Before we get into details, here's a quick overview of the Persian cat:

Persian Cat

Personality: Affectionate, easy going, docile, very adaptable, need attention

Suits: Families, experienced cat owners

Other: Coat needs grooming daily, face needs washing regularly.

Flat face may give rise to breathing problems and watery eyes. Not very vocal

Breed Information

1) What are they like as pets?


They are easy going, docile and affectionate. They need affection and attention, and love to be played with.

They aren't particularly demanding, but most will want to sit on your lap and be petted every day.

Some develop a particular attachment to one person in the family, and will want much more time and affection from them than anyone else.

They are good with other pets, and with children.

They're very adaptable, and usually cope well if changes occur such as additions to the family, new pets or a house move.

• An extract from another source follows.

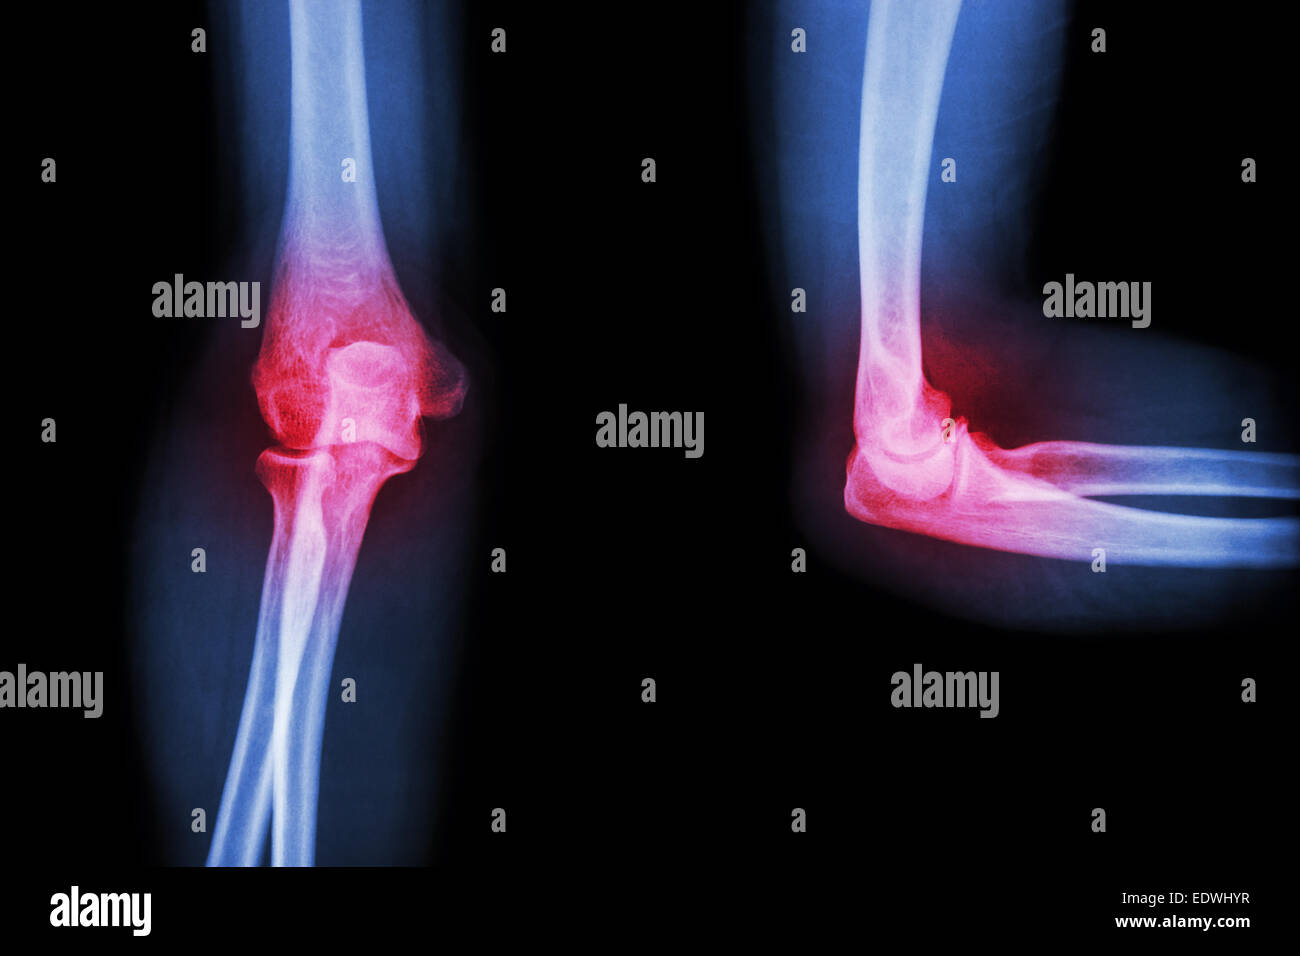 Film X-ray elbow with arthritis (Rheumatoid,Gout) Stock Photo
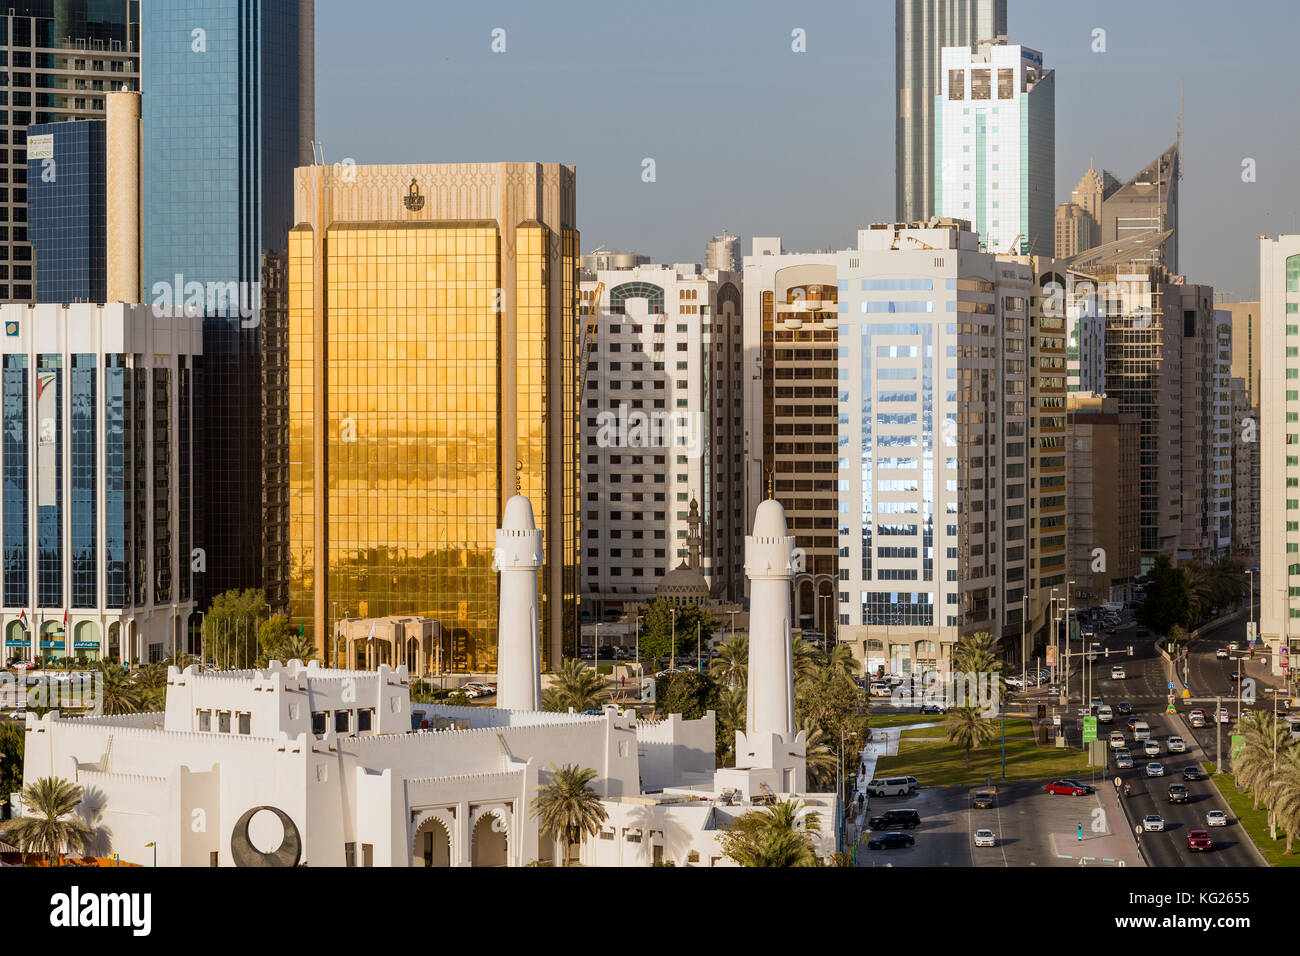 Modern city skyline, Abu Dhabi, United Arab Emirates, Middle East Stock Photo

They don't like to be left alone for long periods of time, so if you're out during the day, it's better to keep them with another pet for company.

Their long fur is very prone to matting, and must be combed regularly. However, I've found the amount of coming required does vary from cat to cat - some you can get away with 2 - 3 times per week, others need combing every day without fail

Like the Himalayan cat, Persians can sometimes suffer from watery eyes and breathing problems because of their flat faces. Their faces will need washing periodically.

Whilst their lovely personalities mean they make wonderful pets, they are only suitable for people who have the time to care for their long hair and give them the regular affection they need.

Here's a picture of my Persian, Priscilla, with ONE week's worth of hair removed (admittedly it was a thorough combing as opposed to a quick one, but it shows that this breed isn't low maintenance!)


2) Looks, build, colors and markings

These cats have cute, flat faces, a tiny nose, big eyes, a round, large head and small ears. They have thick, long hair, stocky legs and big paws. They come in a wide variety of single and mixed colors.


3) History

The long-haired Persian cat breed was first recorded in the 1600s in the Middle East. They were brought to Europe and became popular in England in the 1800s; notably, Queen Victoria kept them as pets. They arrived in America in the late 1800s.